*Data shown*
********************

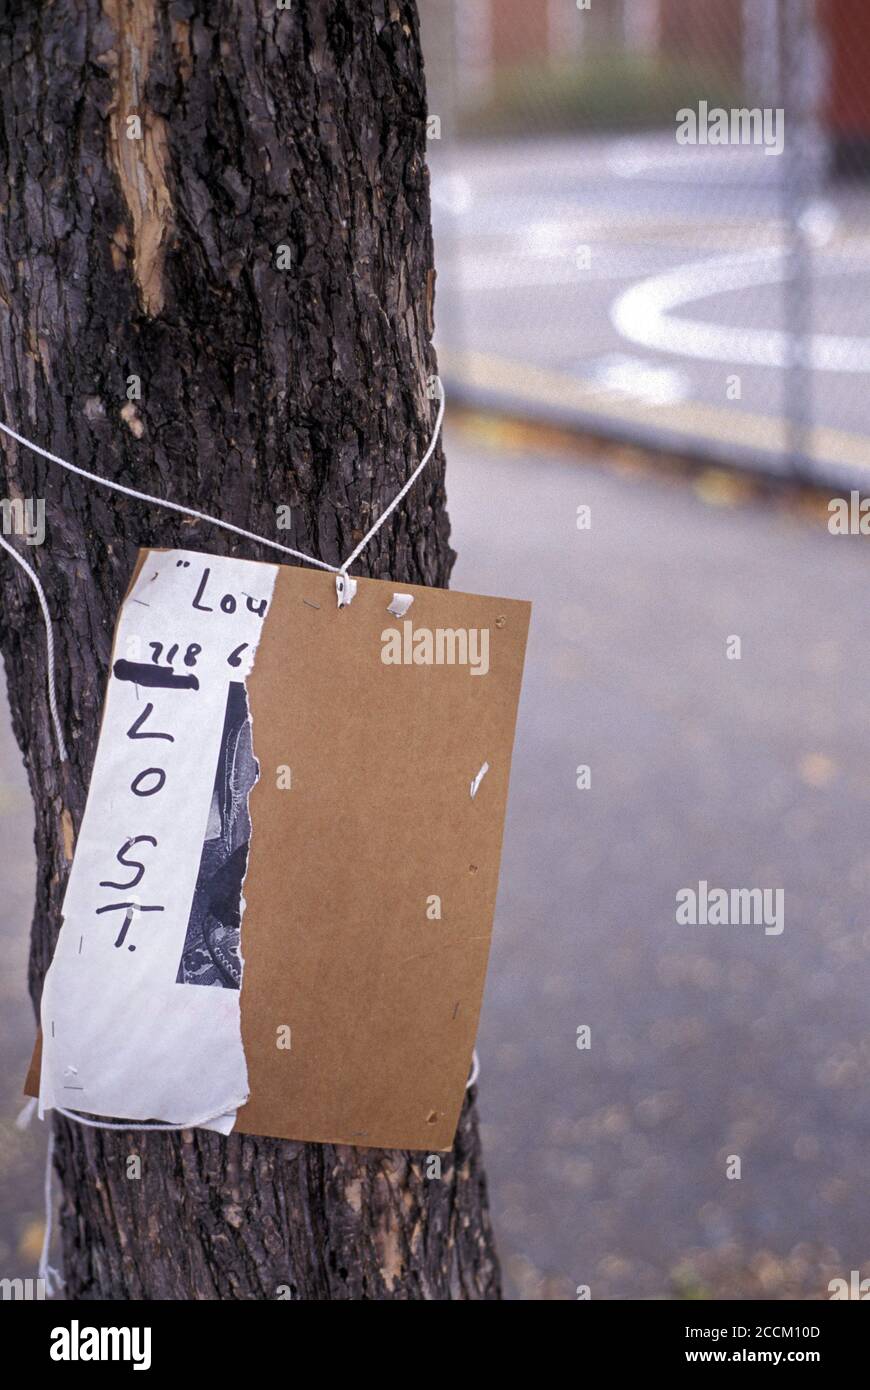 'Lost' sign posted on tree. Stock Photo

********************

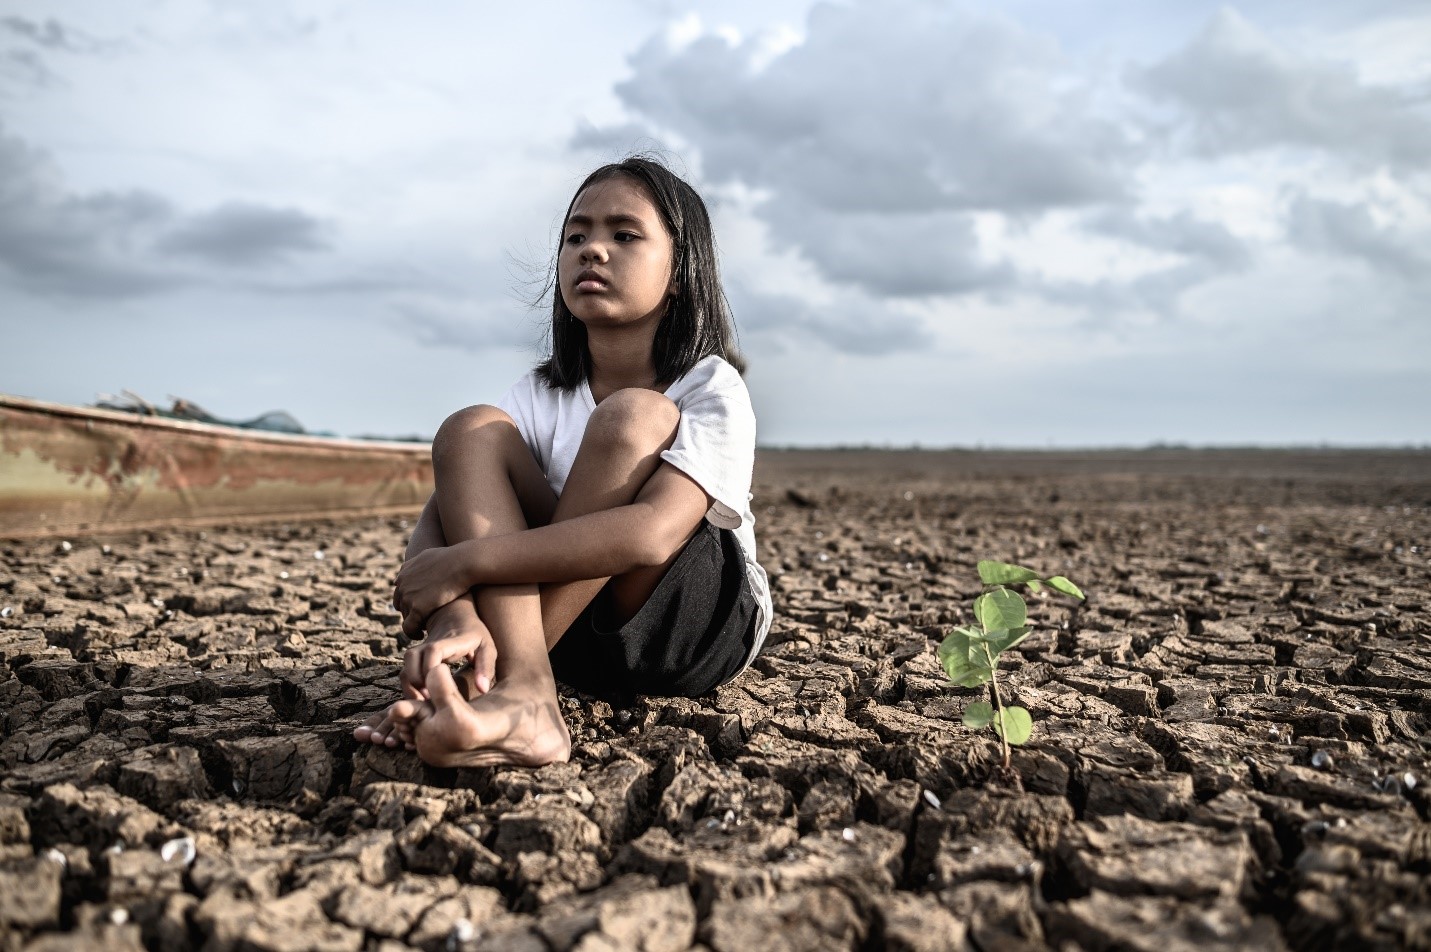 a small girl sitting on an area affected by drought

********************

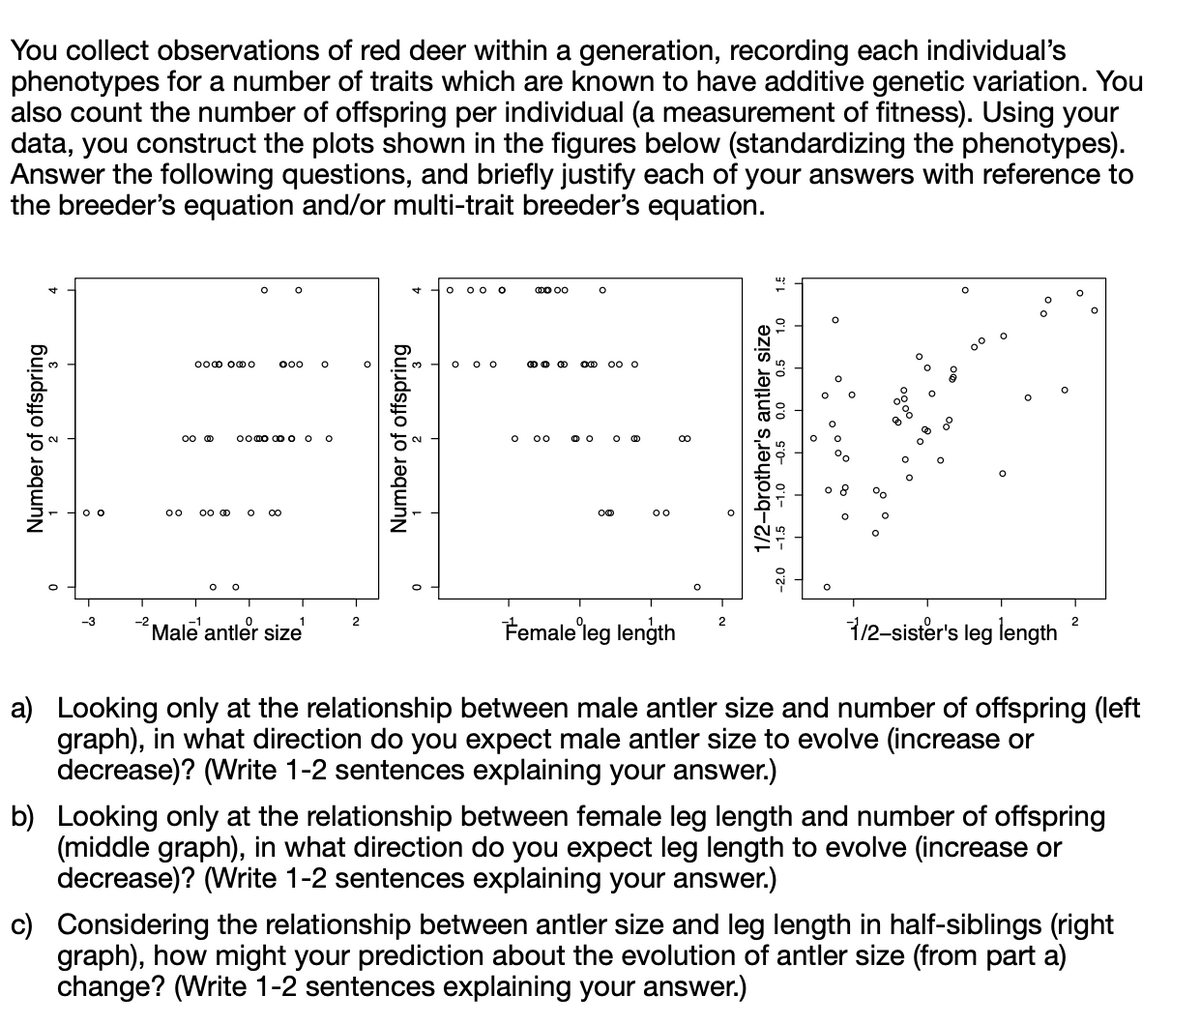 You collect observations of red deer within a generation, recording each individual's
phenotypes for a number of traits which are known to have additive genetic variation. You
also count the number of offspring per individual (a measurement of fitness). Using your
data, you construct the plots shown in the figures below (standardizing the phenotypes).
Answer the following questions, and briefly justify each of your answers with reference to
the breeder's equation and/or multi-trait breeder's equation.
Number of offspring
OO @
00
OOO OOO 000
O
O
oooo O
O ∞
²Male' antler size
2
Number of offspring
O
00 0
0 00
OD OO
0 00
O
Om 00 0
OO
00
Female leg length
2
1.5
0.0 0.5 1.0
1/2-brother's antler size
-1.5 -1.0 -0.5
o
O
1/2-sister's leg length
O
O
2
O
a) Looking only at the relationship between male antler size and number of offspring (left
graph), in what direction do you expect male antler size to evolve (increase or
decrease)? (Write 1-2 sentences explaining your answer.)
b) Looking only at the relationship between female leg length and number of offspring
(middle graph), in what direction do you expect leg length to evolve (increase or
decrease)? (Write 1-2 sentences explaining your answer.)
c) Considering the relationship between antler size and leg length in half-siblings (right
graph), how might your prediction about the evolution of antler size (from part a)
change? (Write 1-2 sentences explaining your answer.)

********************

*The task*
Return each line among the entries that holds the word "size".

*Final answer*
²Male' antler size
1/2-brother's antler size
a) Looking only at the relationship between male antler size and number of offspring (left
graph), in what direction do you expect male antler size to evolve (increase or
c) Considering the relationship between antler size and leg length in half-siblings (right
graph), how might your prediction about the evolution of antler size (from part a)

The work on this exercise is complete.